TASK DETAILS:
Leave out the pictures and output exactly the lines below from the one with "Page 36 of doujinshi Moero Fanfan" down to the one with "Erleben Sie im", both of them included.

RECORDS TO USE:
^^^^^^^^
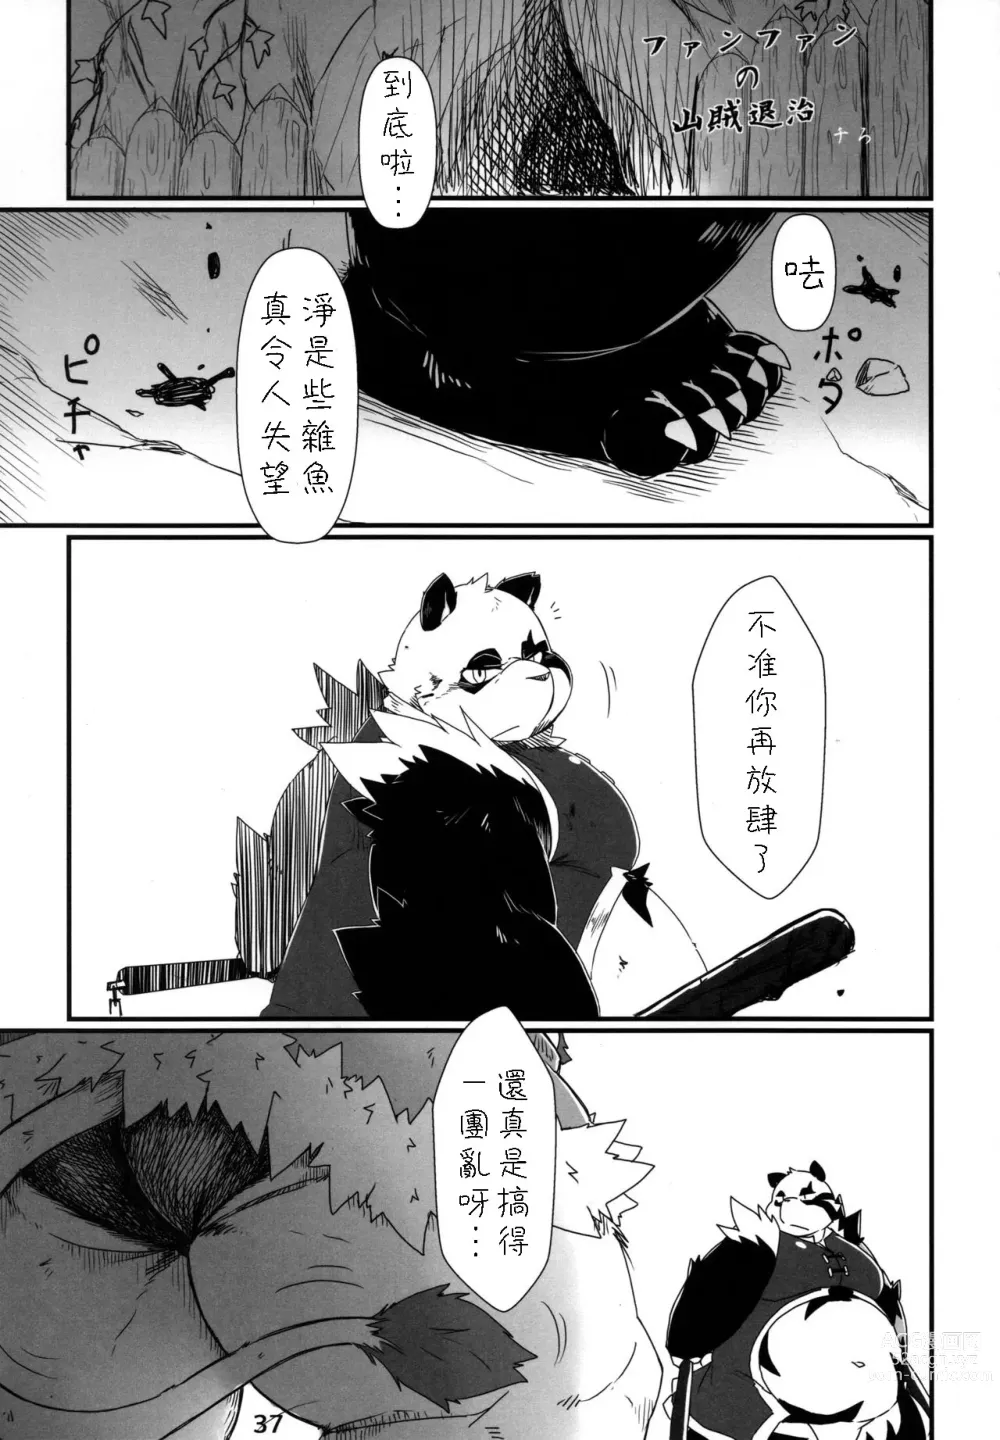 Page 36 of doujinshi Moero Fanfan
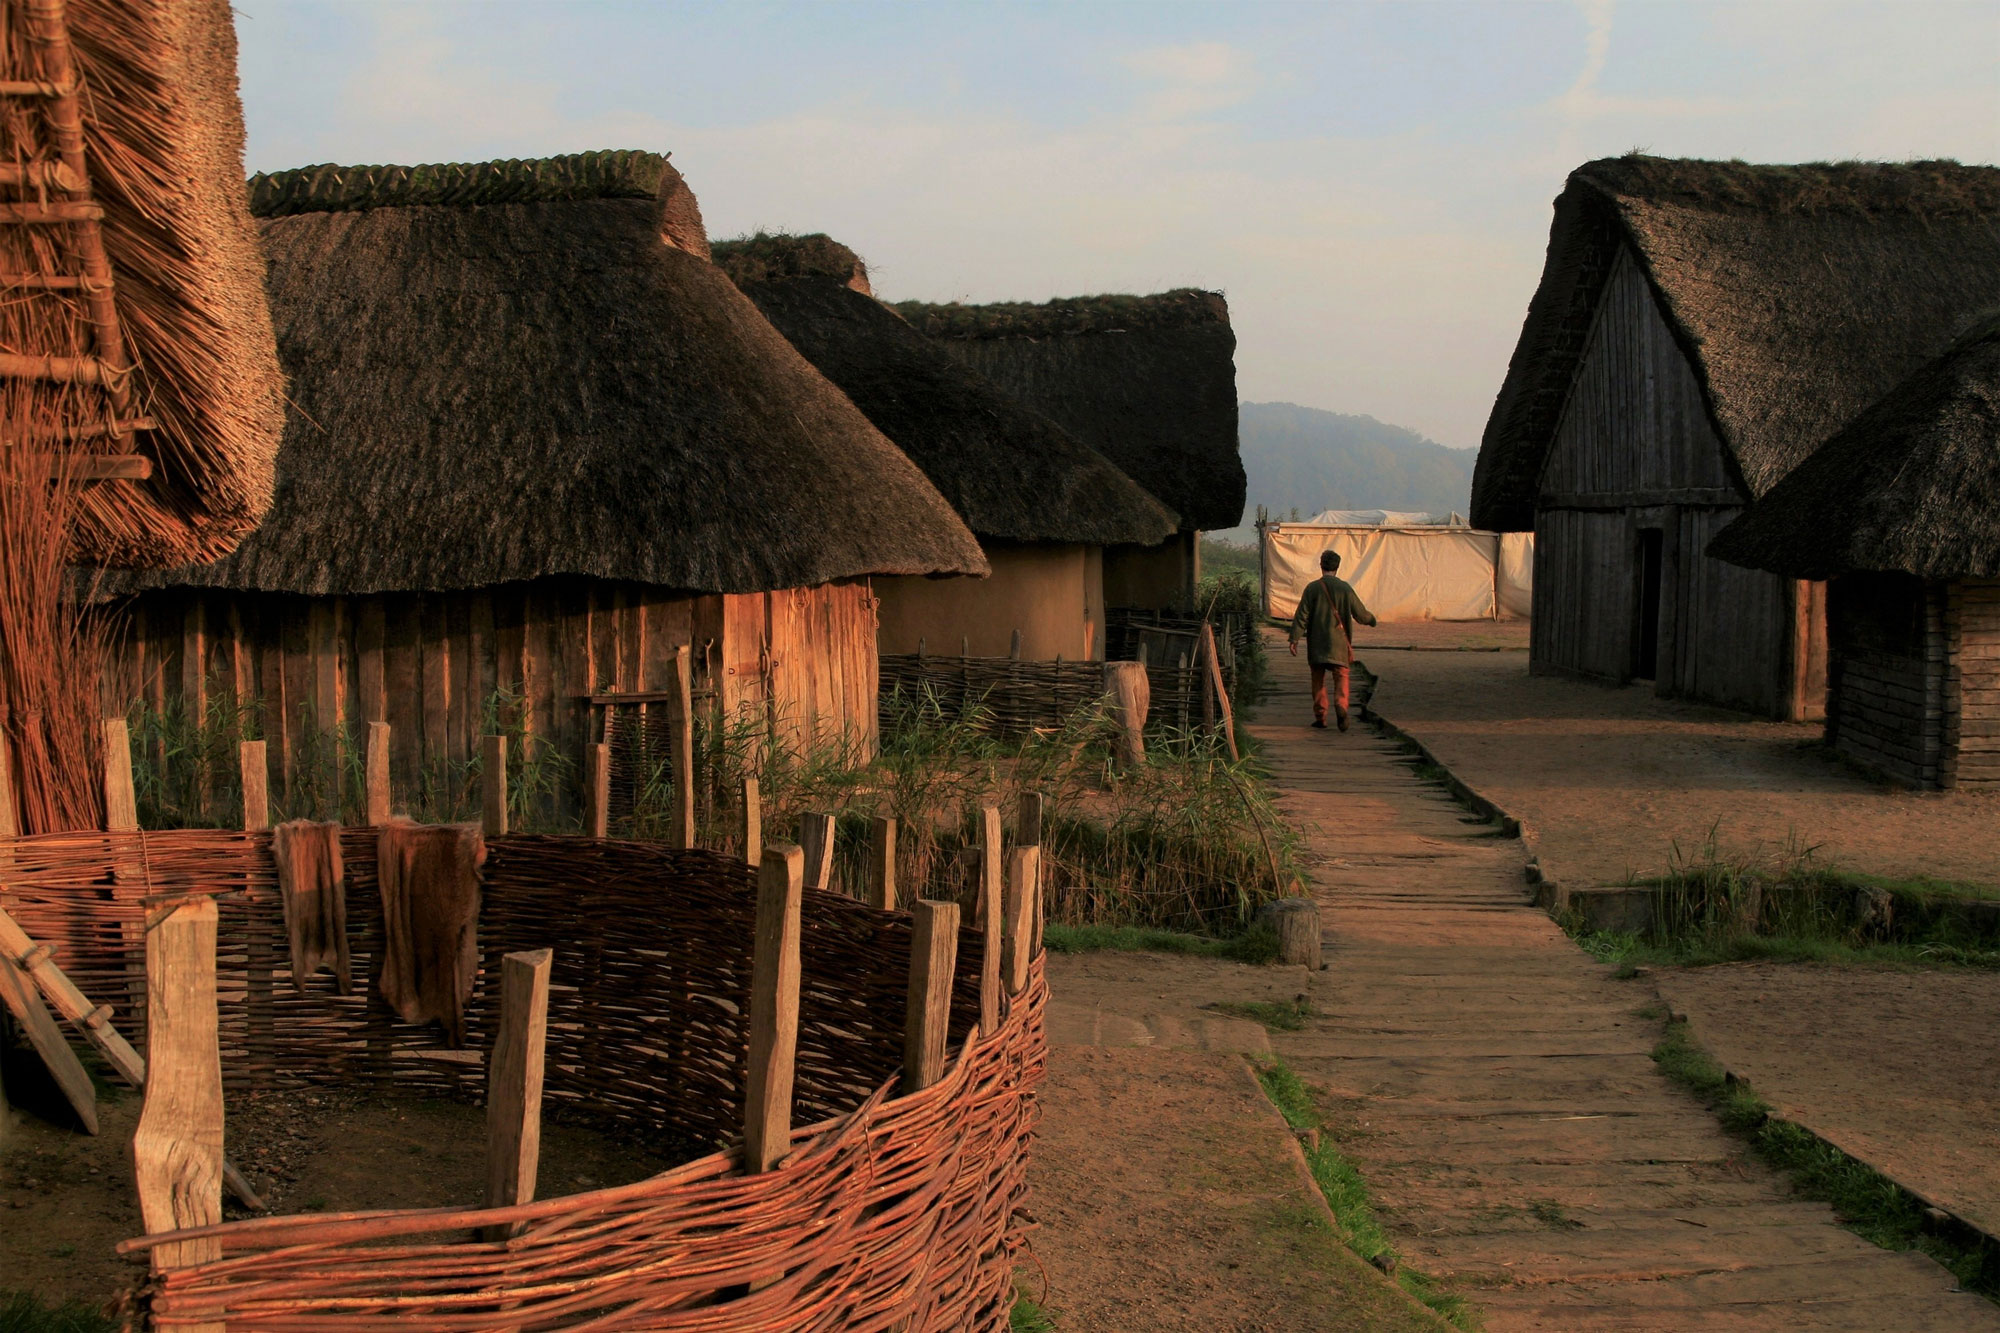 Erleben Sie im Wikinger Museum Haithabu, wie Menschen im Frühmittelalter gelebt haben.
^^^^^^^^
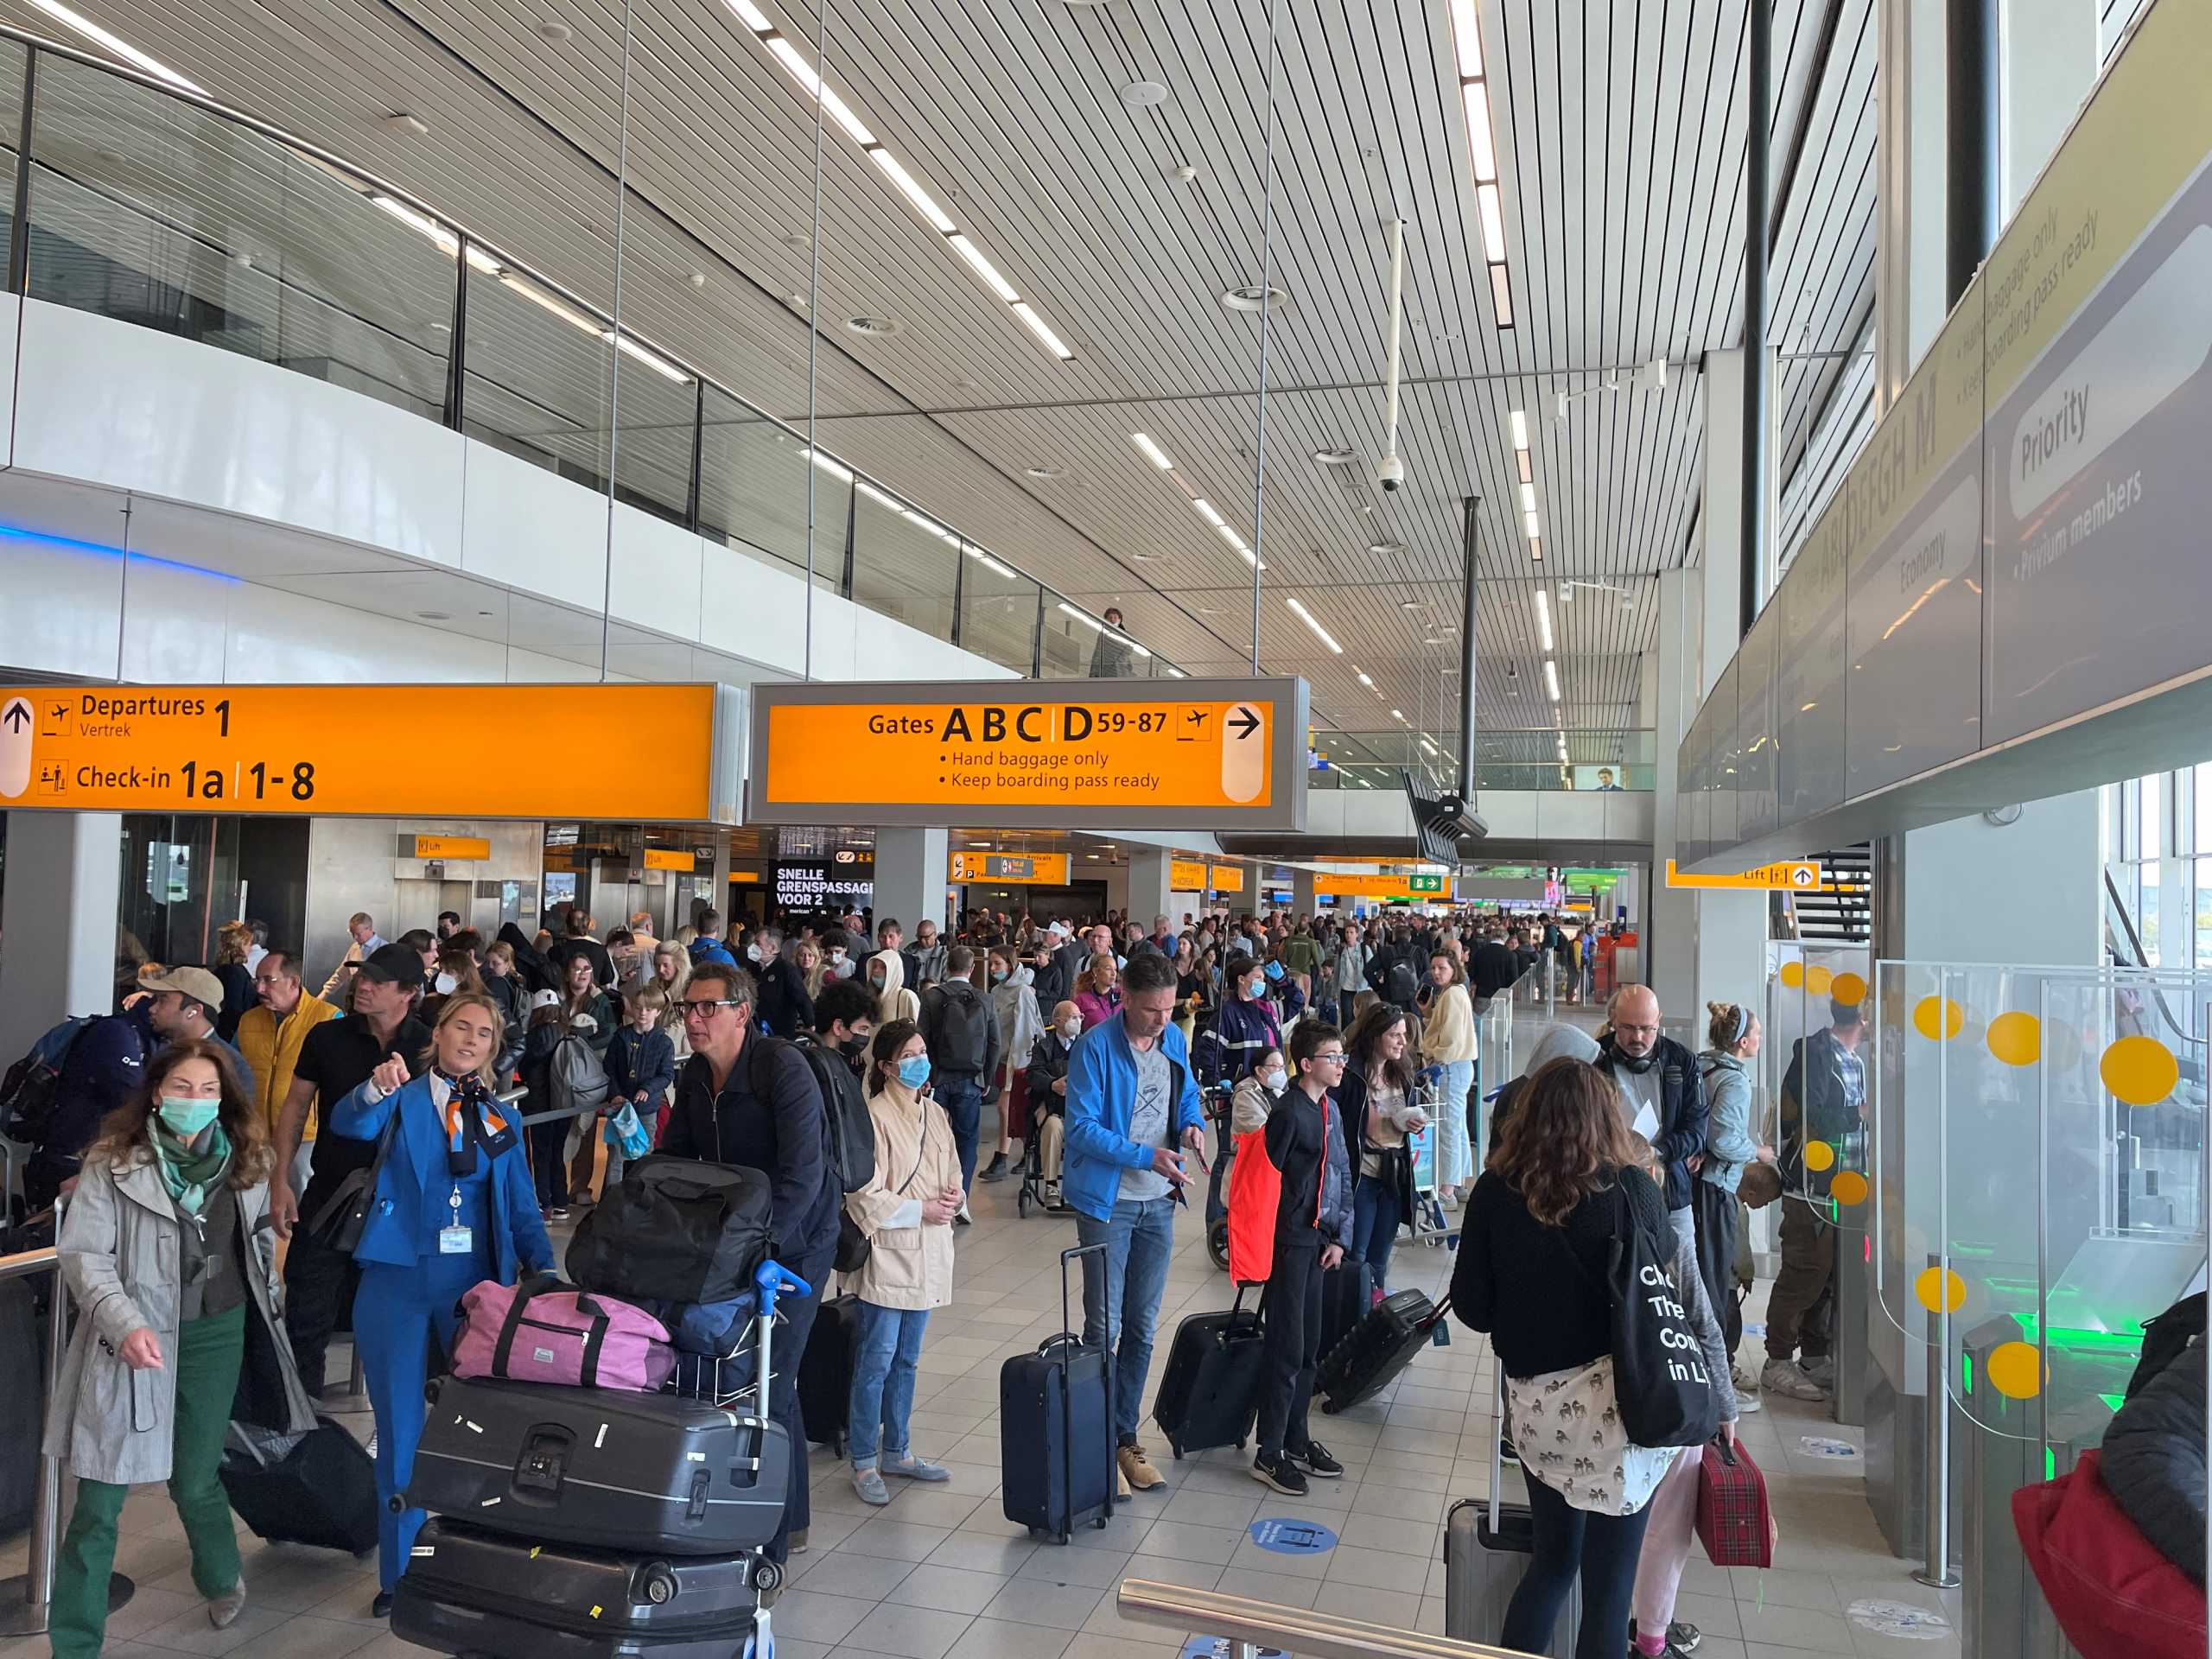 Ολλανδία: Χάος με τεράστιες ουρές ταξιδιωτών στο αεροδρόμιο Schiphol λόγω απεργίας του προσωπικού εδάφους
^^^^^^^^
EXERCISE RESULT:
 Page 36 of doujinshi Moero Fanfan
 Erleben Sie im Wikinger Museum Haithabu, wie Menschen im Frühmittelalter gelebt haben.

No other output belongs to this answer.